Exercise goal
Your reply should set down word for word each line below from the one with "SAKO, Seljord kirkebøker, F/Fa/L0003: Ministerialbok" through the final line, both included, but none of the pictures.

The data
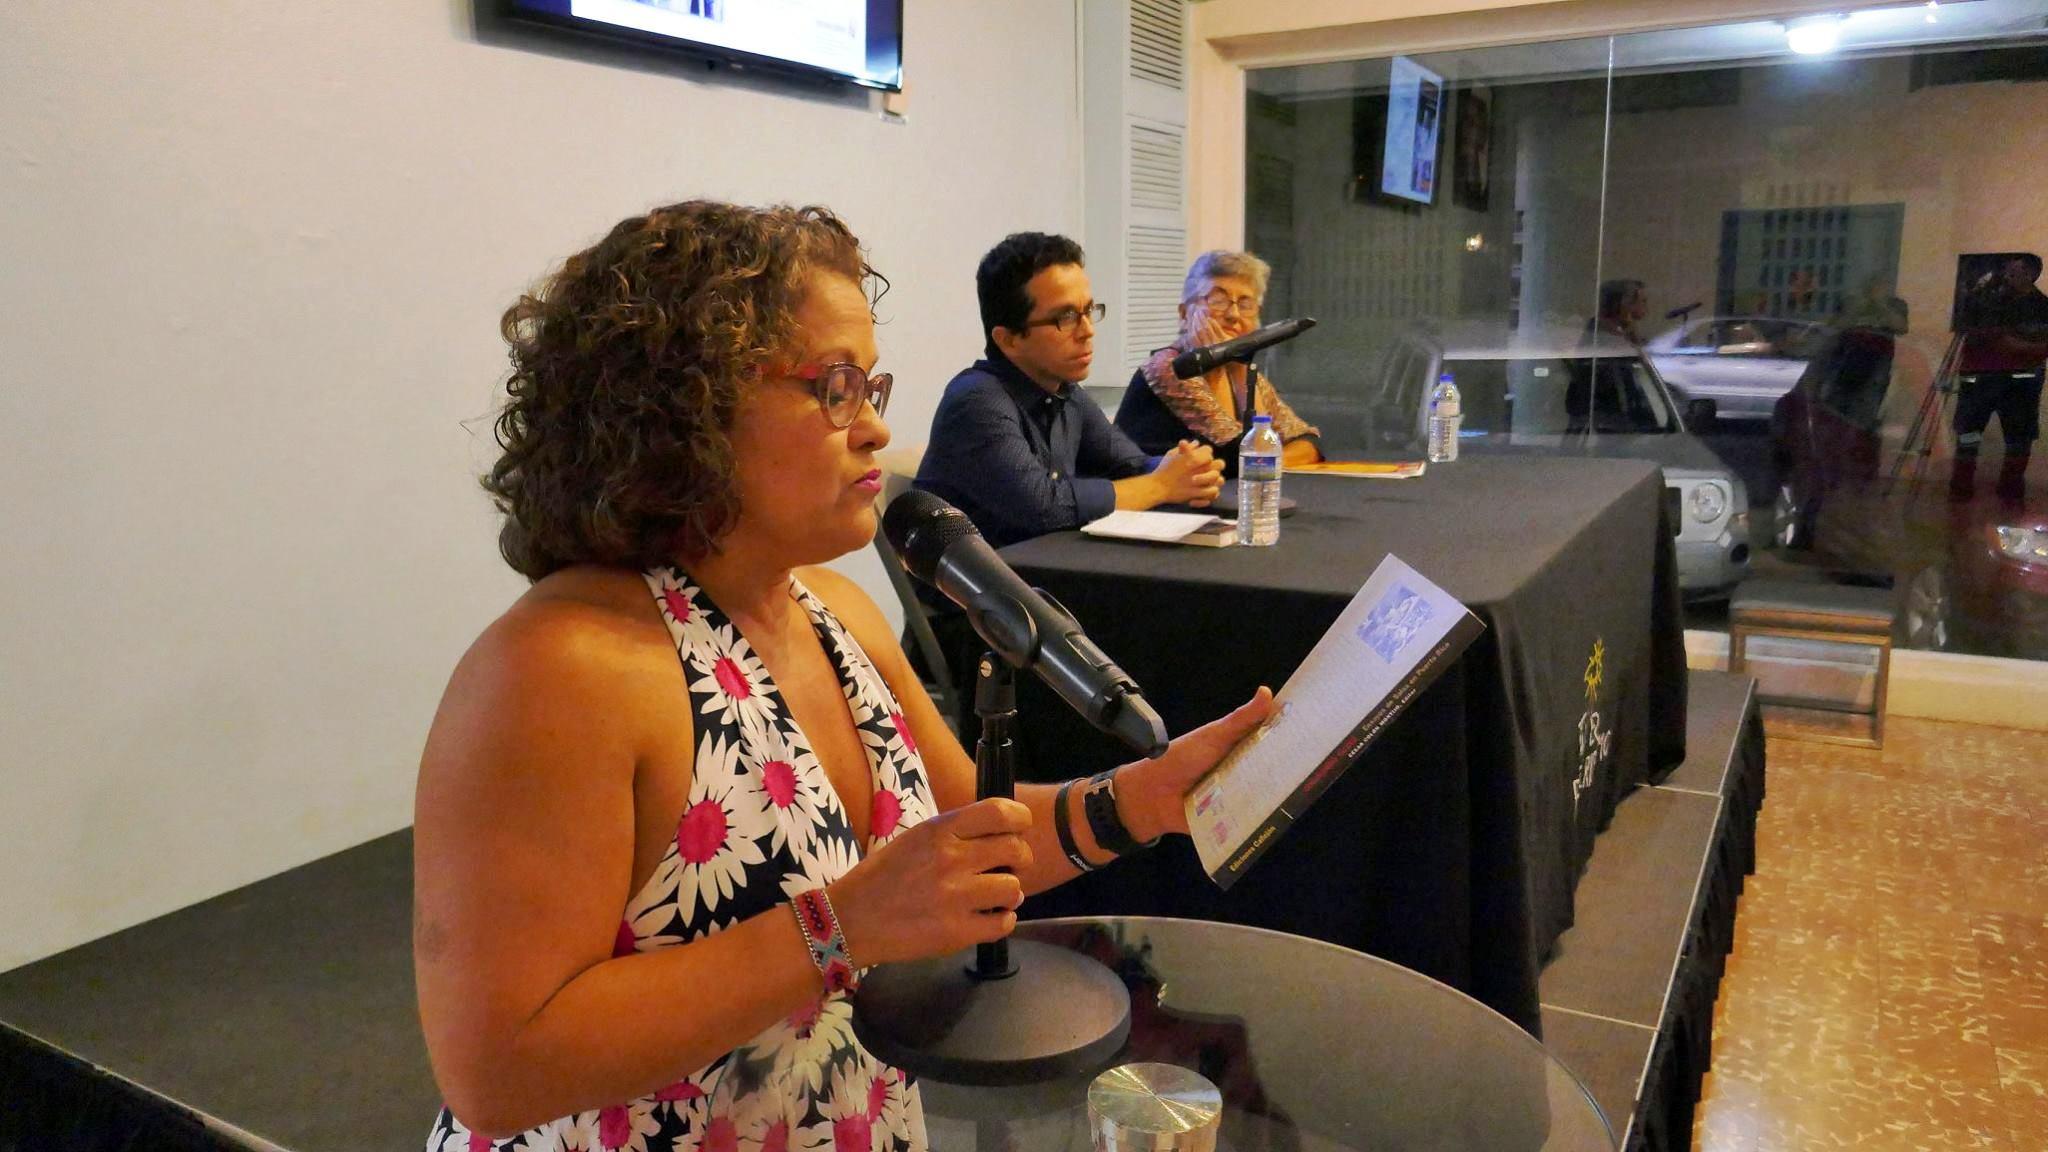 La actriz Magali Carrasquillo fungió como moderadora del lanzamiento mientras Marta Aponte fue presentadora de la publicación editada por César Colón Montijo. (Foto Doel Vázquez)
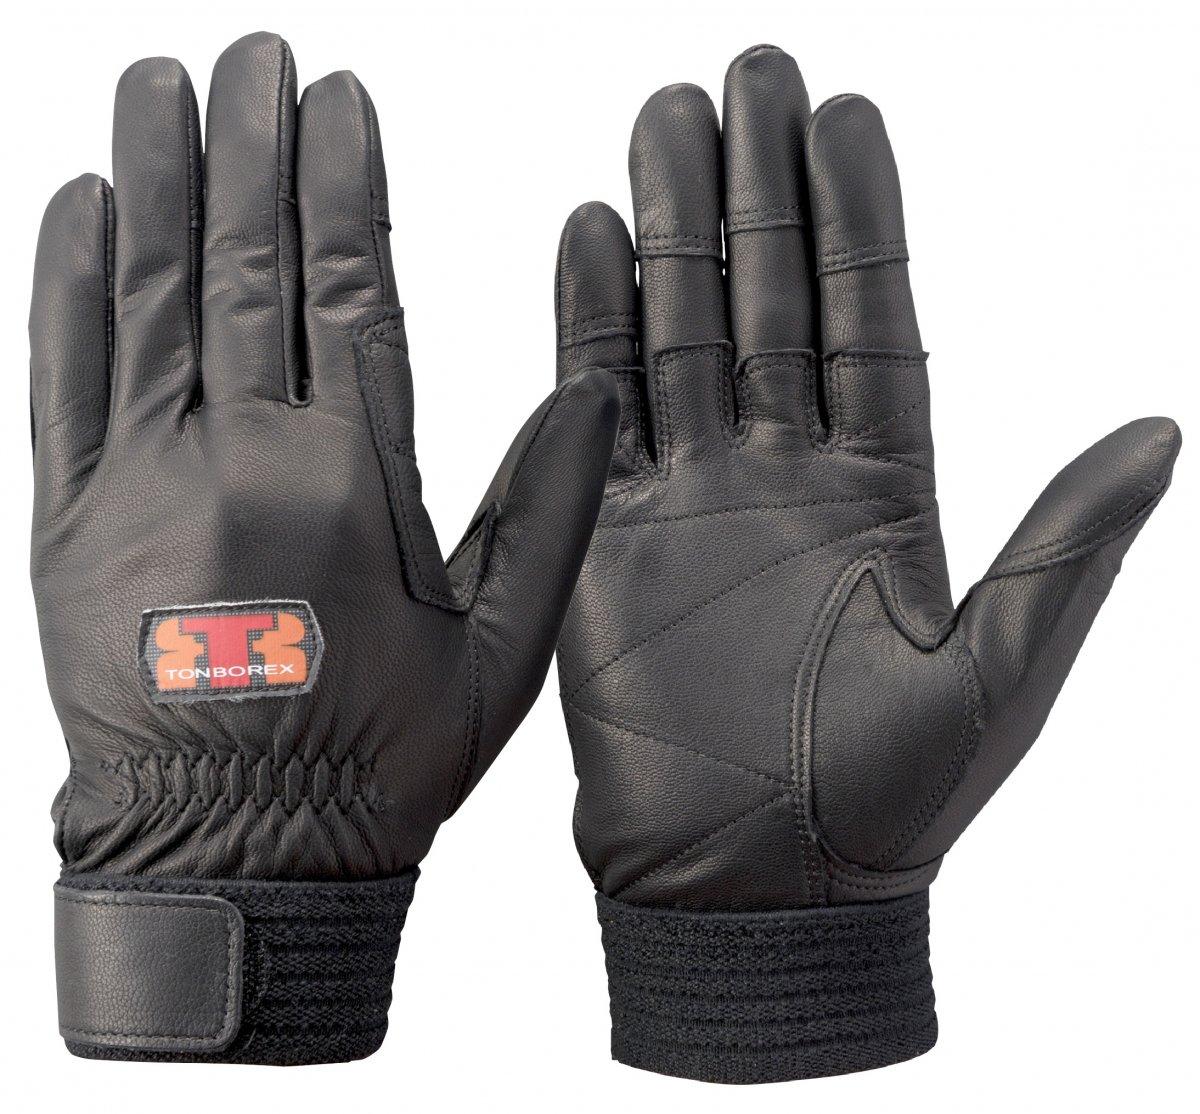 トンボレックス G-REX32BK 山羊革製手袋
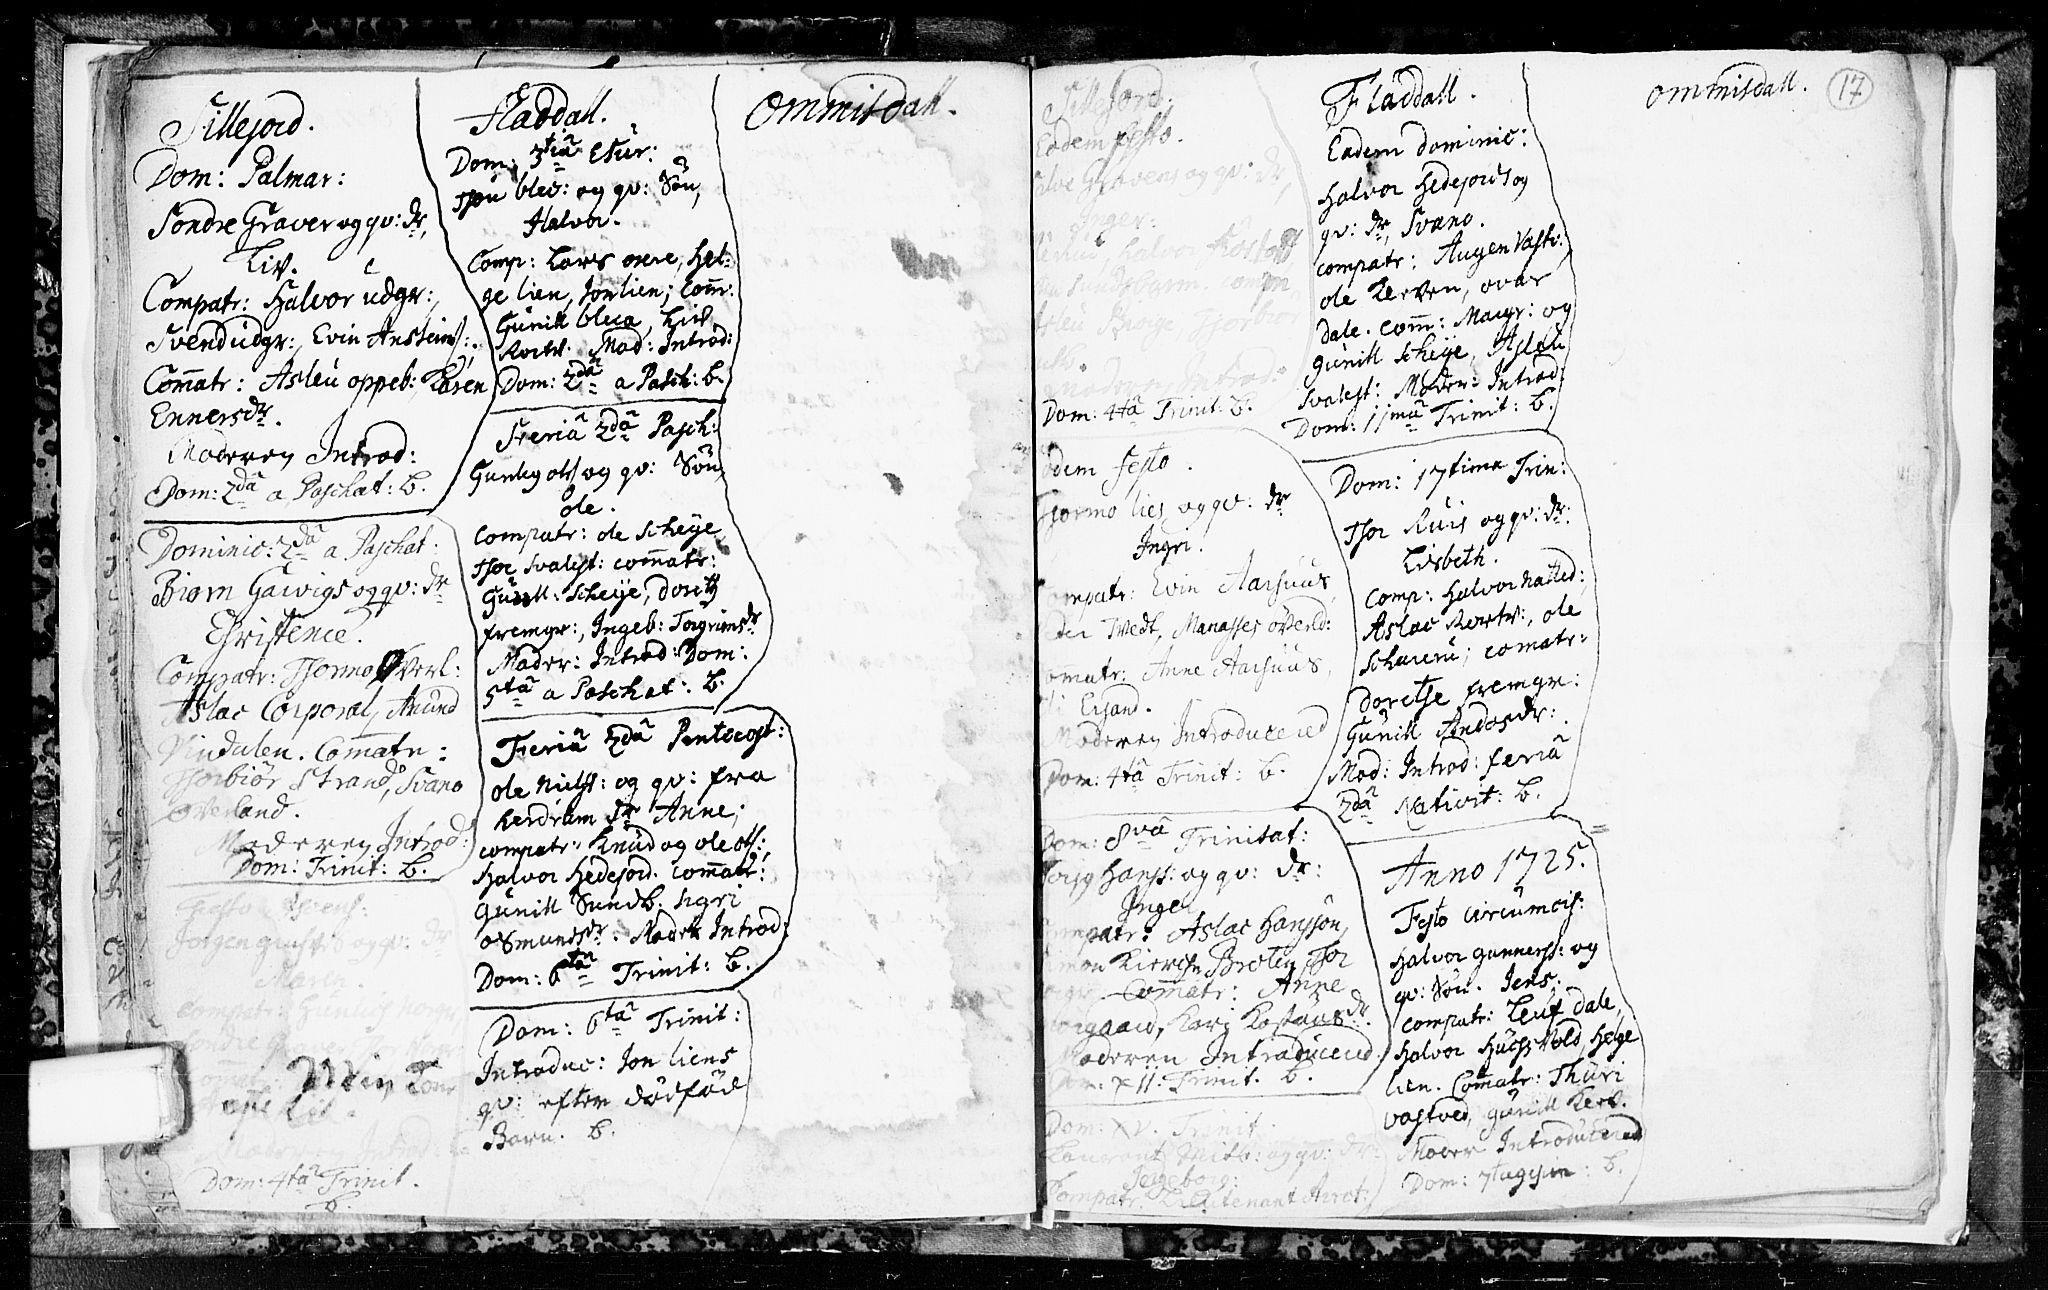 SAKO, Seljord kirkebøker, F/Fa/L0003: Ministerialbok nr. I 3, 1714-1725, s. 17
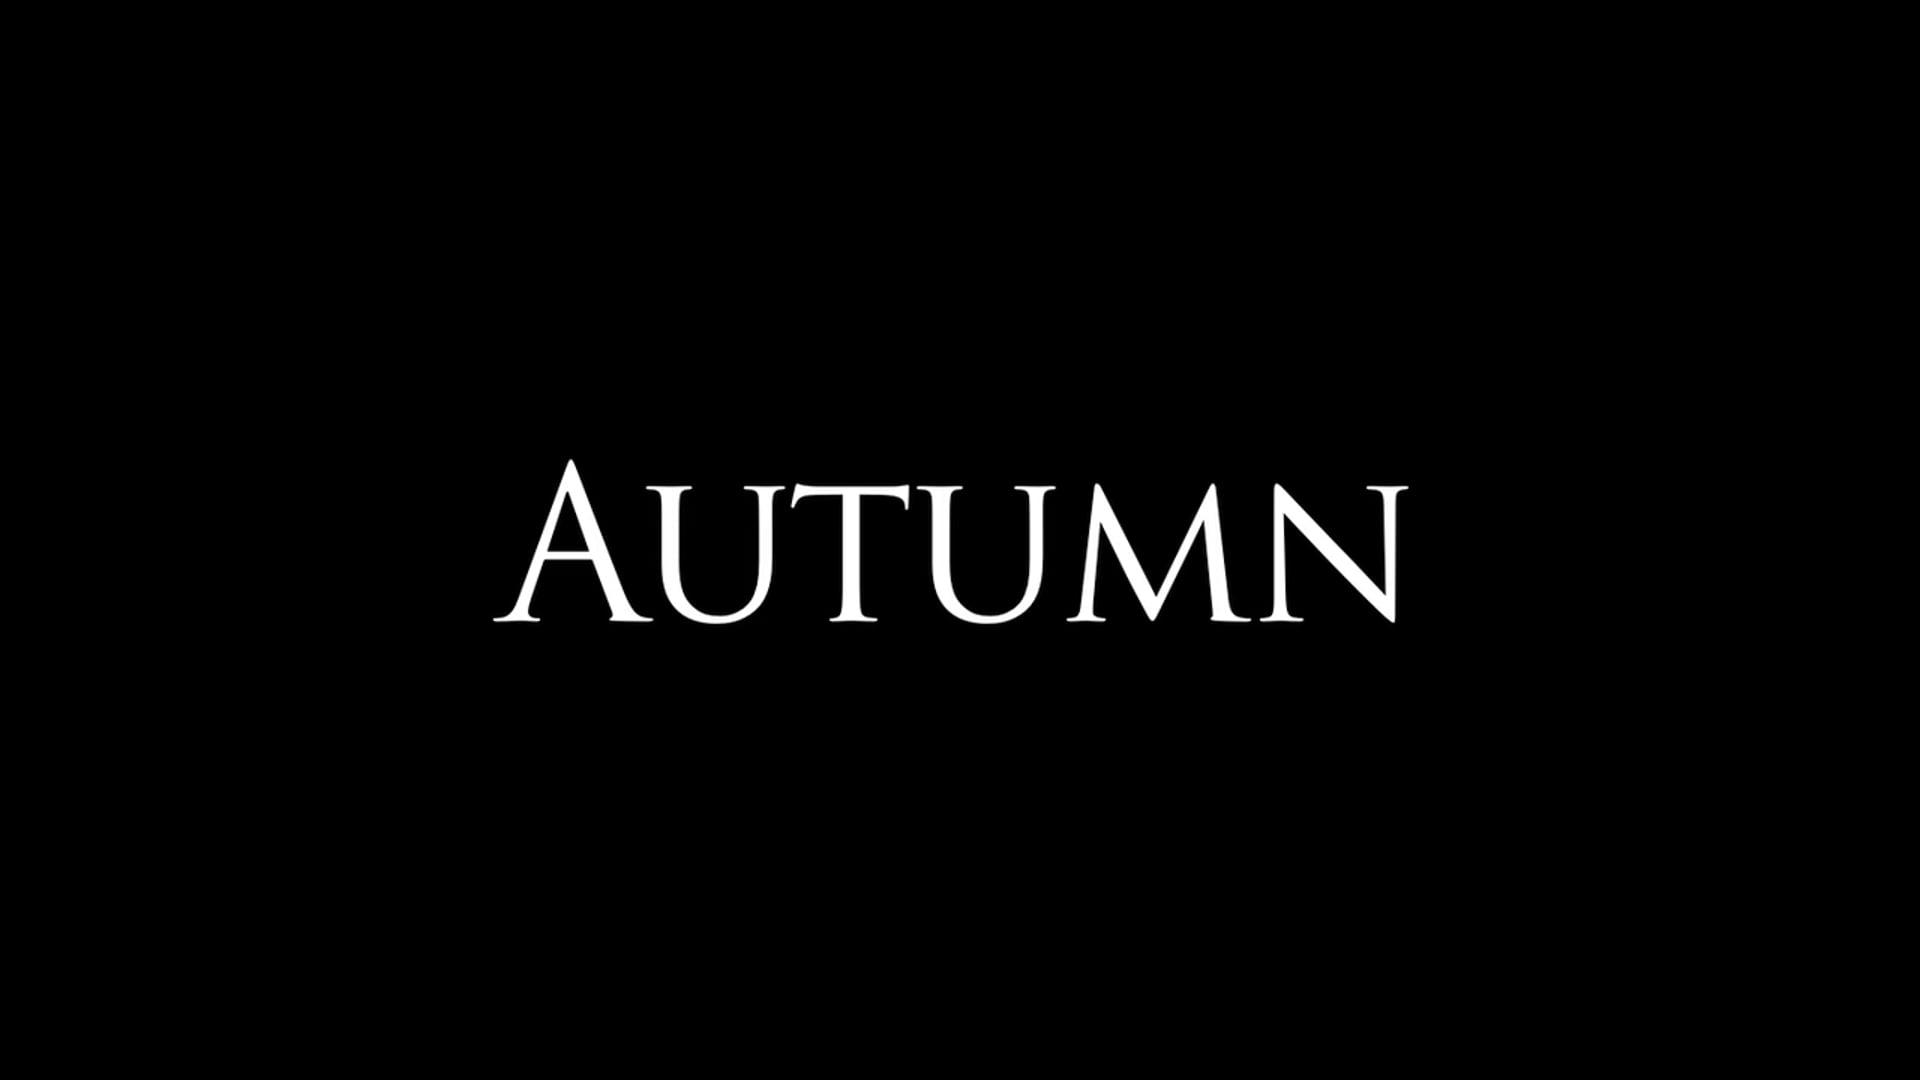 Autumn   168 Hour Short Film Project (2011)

Response to this exercise
 SAKO, Seljord kirkebøker, F/Fa/L0003: Ministerialbok nr. I 3, 1714-1725, s. 17
 Autumn   168 Hour Short Film Project (2011)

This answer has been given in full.